Content starts

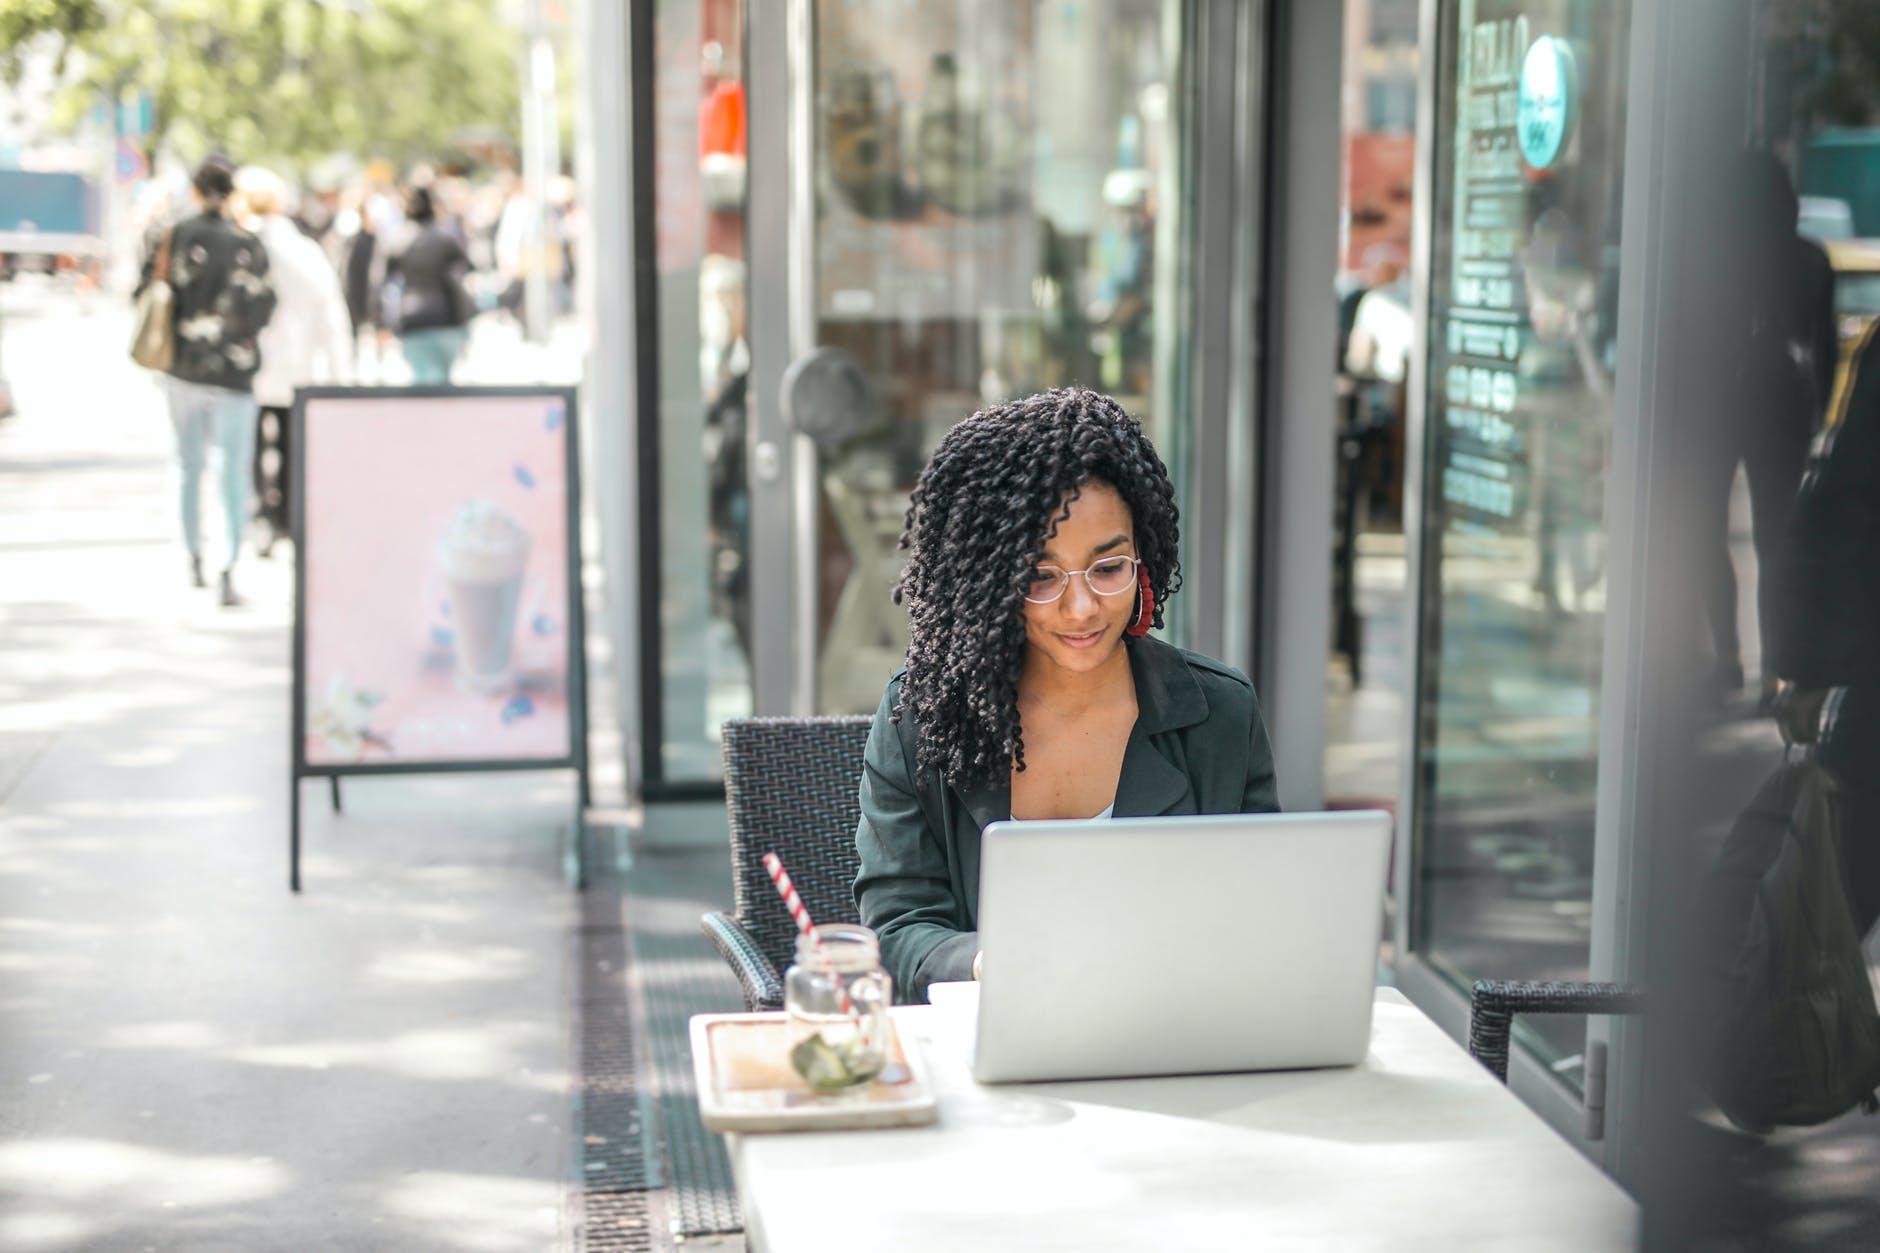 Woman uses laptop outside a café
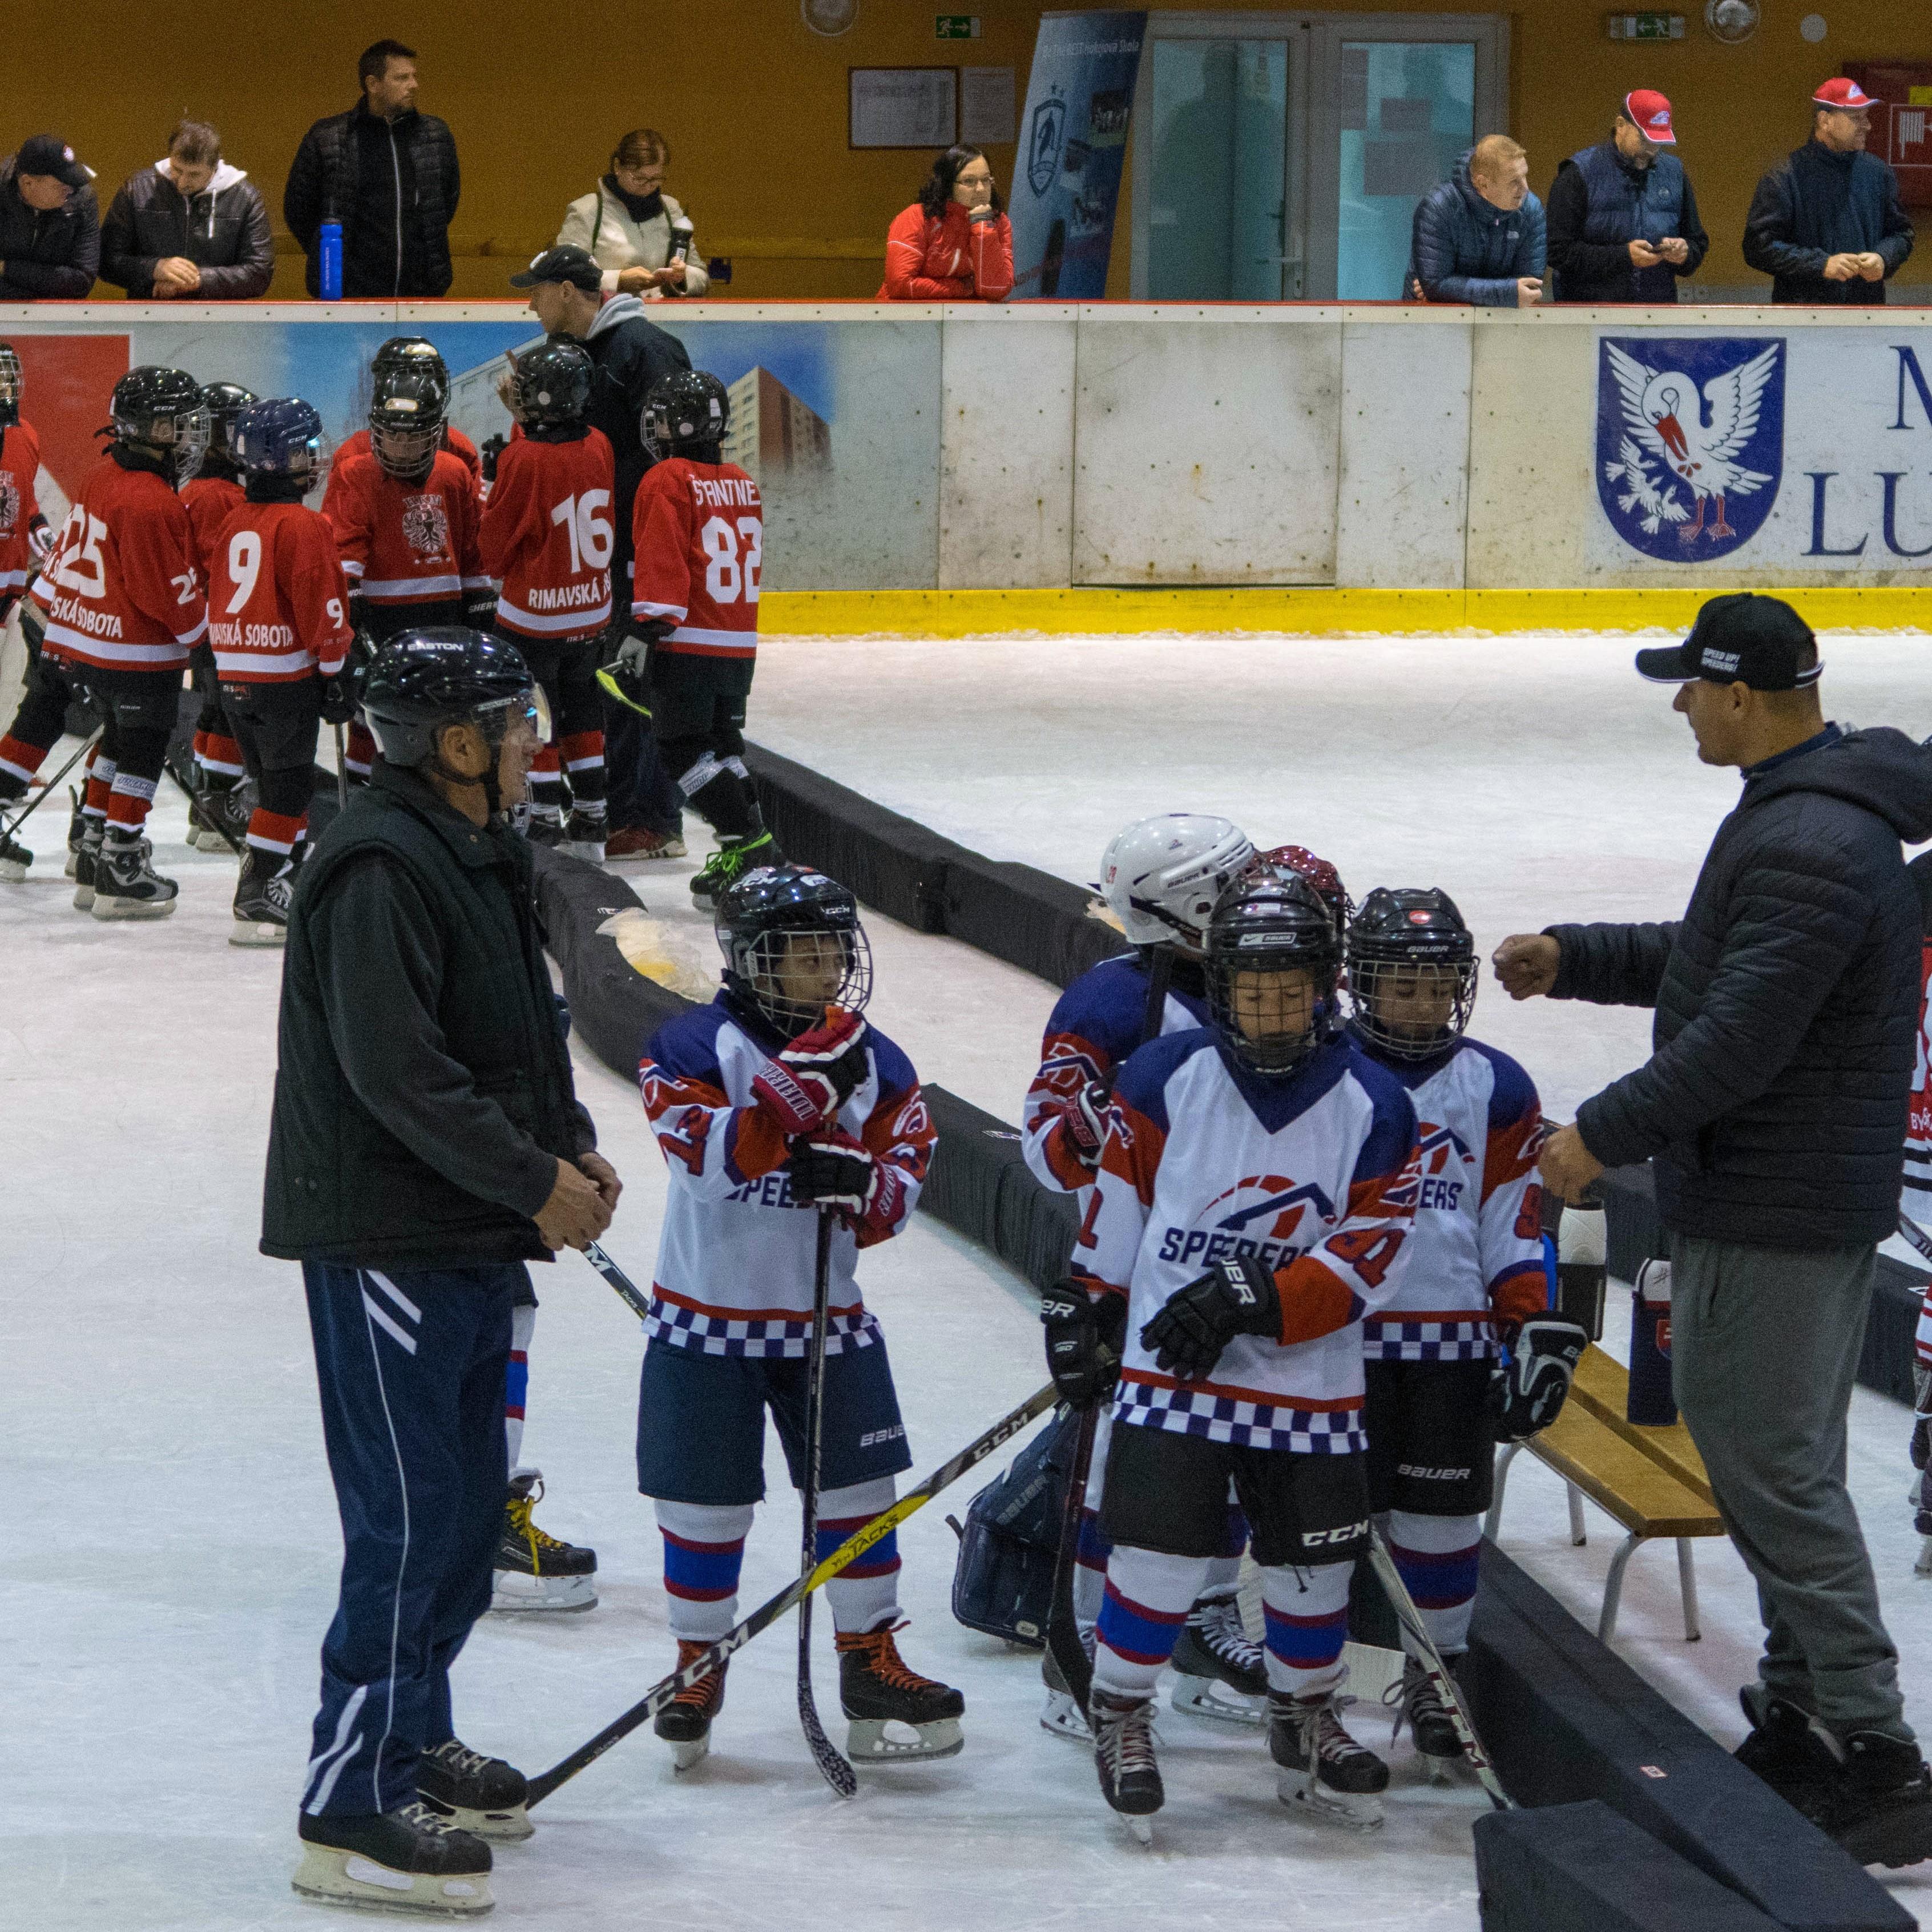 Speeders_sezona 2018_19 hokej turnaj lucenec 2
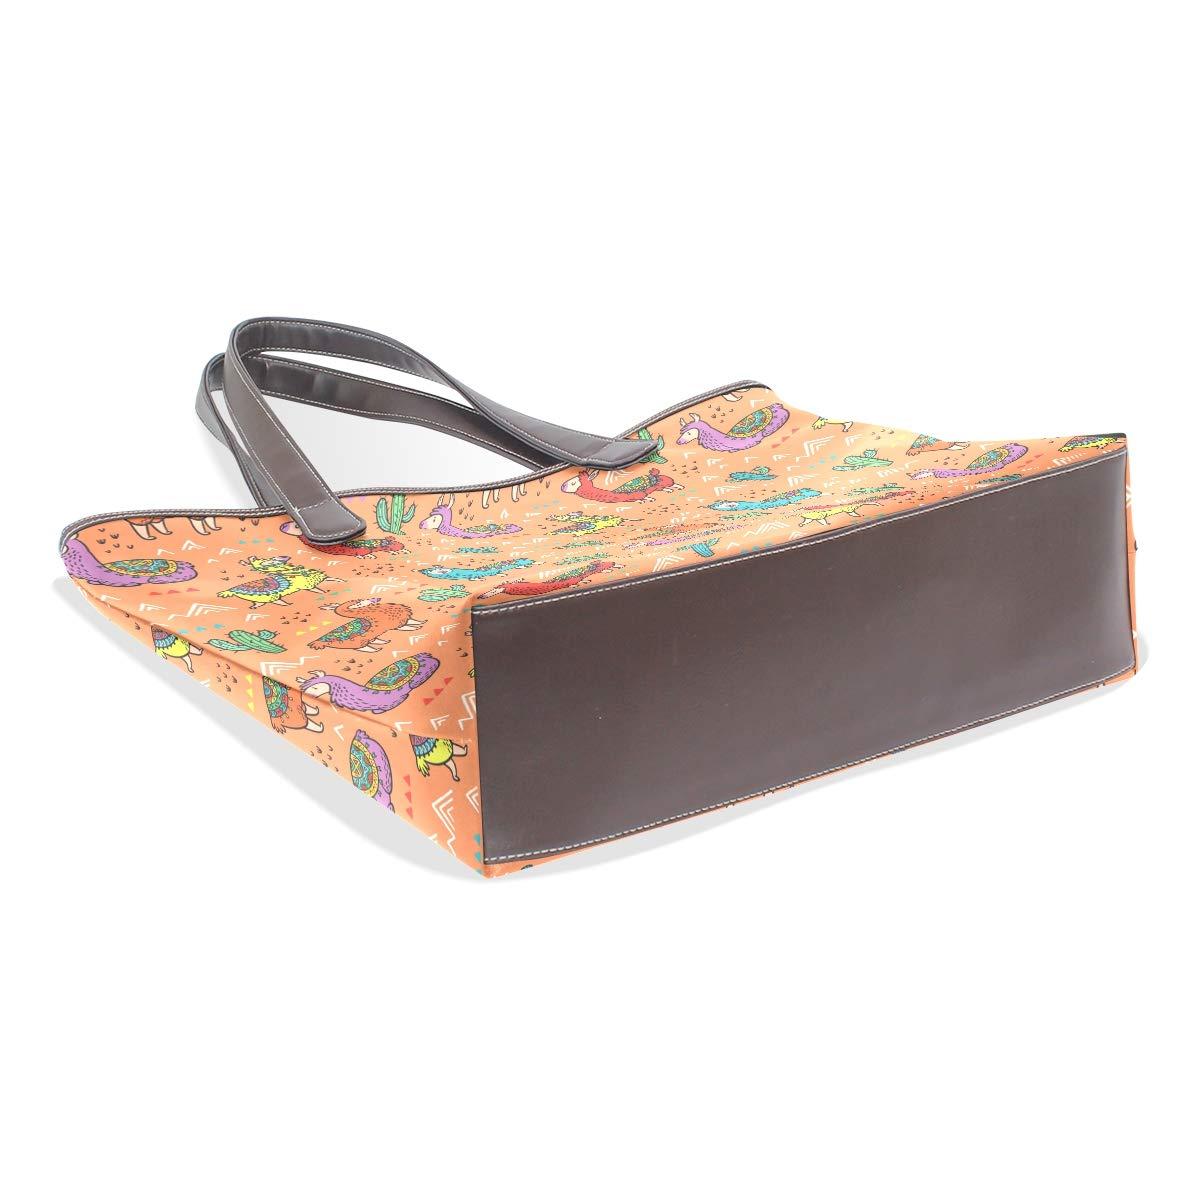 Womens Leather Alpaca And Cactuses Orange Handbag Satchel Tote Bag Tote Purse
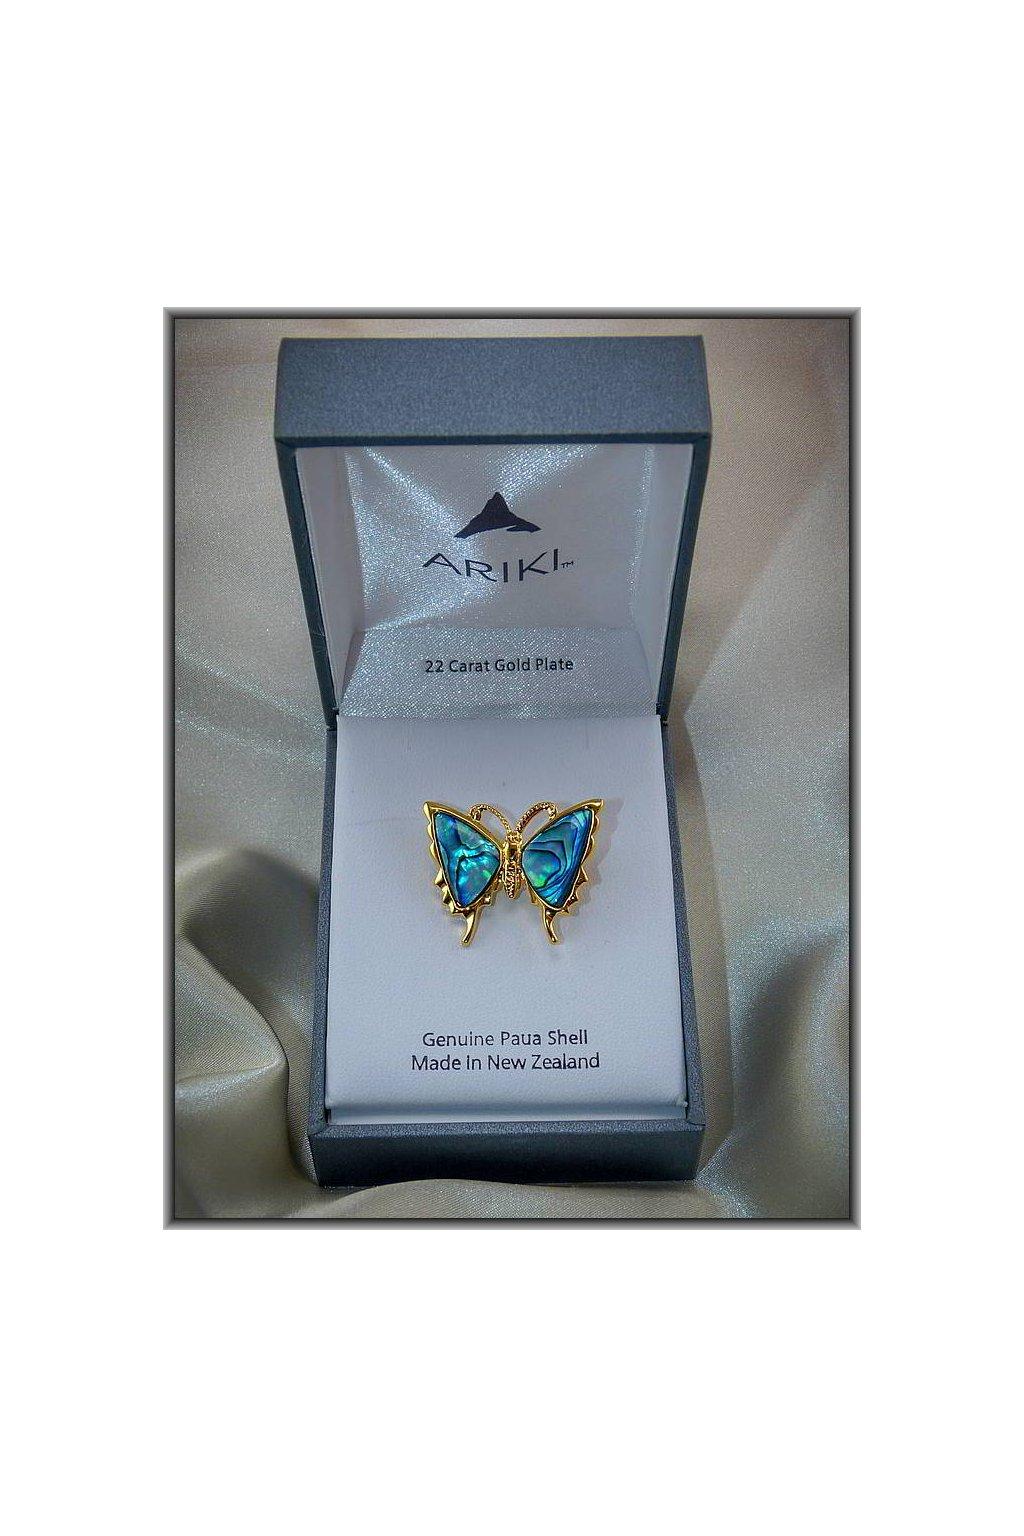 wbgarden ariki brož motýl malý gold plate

Content ends

REQUIREMENT -
Set down the complete material exactly, but do not include the images.

RESPONSE AREA -
 Woman uses laptop outside a café
 Speeders_sezona 2018_19 hokej turnaj lucenec 2
 Womens Leather Alpaca And Cactuses Orange Handbag Satchel Tote Bag Tote Purse
 wbgarden ariki brož motýl malý gold plate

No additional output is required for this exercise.